The meeting was an opportunity for caucus members to also receive updates about the activities of the Nuu-chah-nulth Health Promotion & Social Development Community Engagement Hub, and the efforts being made by the Vancouver Island Health Authority to update its Aboriginal Health Plan.

Victoria Watts, the Nuu-chah-nulth Tribal Council Social Development Coordinator, distributed the Nuu-chah-nulth Health Caucus Communications Plan. The plan’s objectives are to provide Nuu-chah-nulth a clear understanding of the major changes that are to occur in B.C. on the delivery of Health Care to First Nations, and that a First Nations Health Authority will be developed over time to deliver a First Nations health system.

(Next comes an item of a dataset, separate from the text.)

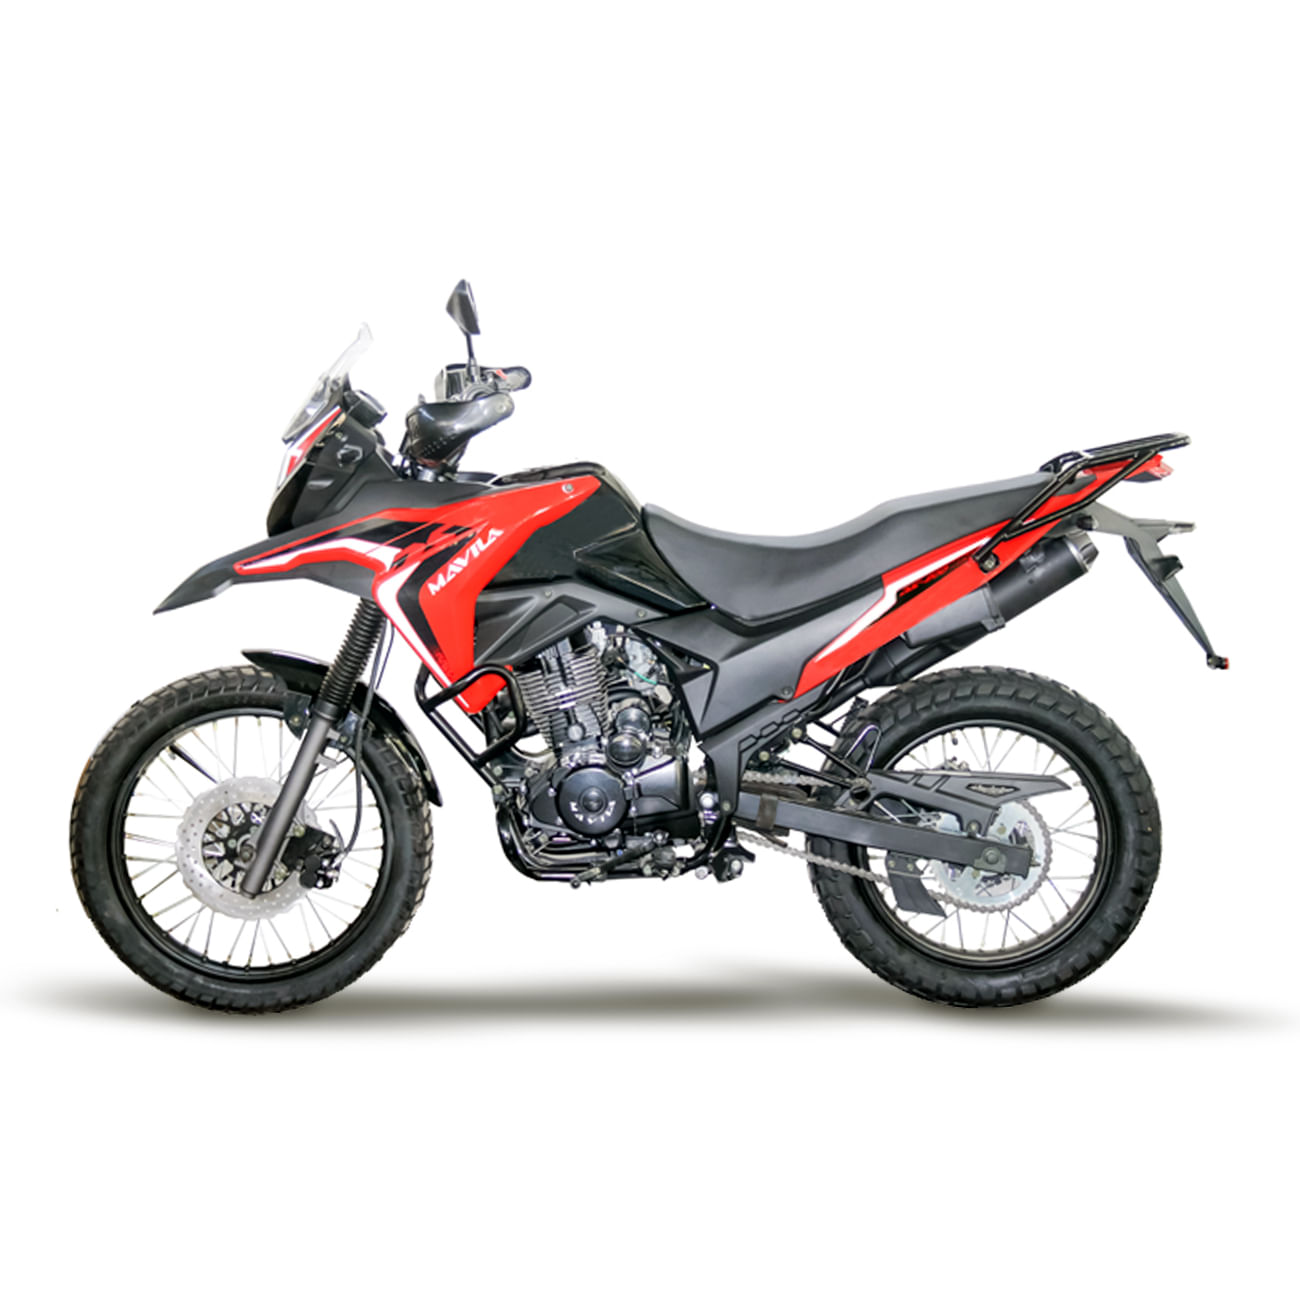 Motocicleta Mavila DS-200 Roja 200 cc

A number of resources have been created by the First Nations Health Council to help people understand what work is being undertaken, including a video called Implementing the Vision: BC First Nations Health Governance. Itcan be viewed at

Watts has also developed a regular newsletter for the Health Promotion & Social Development Community Engagement Hub she heads up at NTC. Readers can contact her at the tribal council for copies of the newsletter. The most recent includes information on health governance, general health information, and updates from the Nuu-chah-nulth Community Health Development Workers, Matilda Atleo (southern region), Melody Charlie (central region) and Jackie Corfield (northern region).

Watts reported to the Nuu-chah-nulth Health Caucus that the Nuu-chah-nulth Community Engagement Hub is seen as a model among other hubs across the province.

Community Engagement Hubs are simply groups of First Nations communities that agree to plan, collaborate, and communicate to meet their nation’s health priorities. There are 24 community hubs representing 140 First Nations in BC.

This year, the Nuu-chah-nulth hub has worked with the Nuu-chah-nulth nations on their community health plans, where health priorities are set and a plan put in place to move forward on those priorities.

The meeting concluded with a visit from consultant Valerie Lannon who is working with the Vancouver Island Health Authority to update its Aboriginal Health Plan. It’s been five years since the last plan was written, and it was done with very little involvement from First Nations communities.

Lannon said VIHA wanted to do better on that front this time around.

The 2006 Aboriginal Health Plan was distributed, and arrangements were made to have Lannon visit the regional areas. There will be a forum held in the central region on Jan. 31, in the northern region on Feb. 14 in Gold River, and in the southern region on Feb. 23. Contact the appropriate community health development workers in your region for details.

“We are pleased that VIHA is coming to us,” said President Cliff Atleo. He said the Nuu-chah-nulth wouldn’t dwell on the fact that First Nations weren’t consulted when the 2006 Aboriginal Health Plan was developed, calling into question the accuracy of the data in the document due to that lack of consultation.

“This plan was perhaps drafted not exactly with our community information,” he said.

He explained that First Nations are working on their own health authority, but it was the intention of that new authority to create relationships with other health authorities in British Columbia and to “breathe life into the partnerships that we have embarked upon.”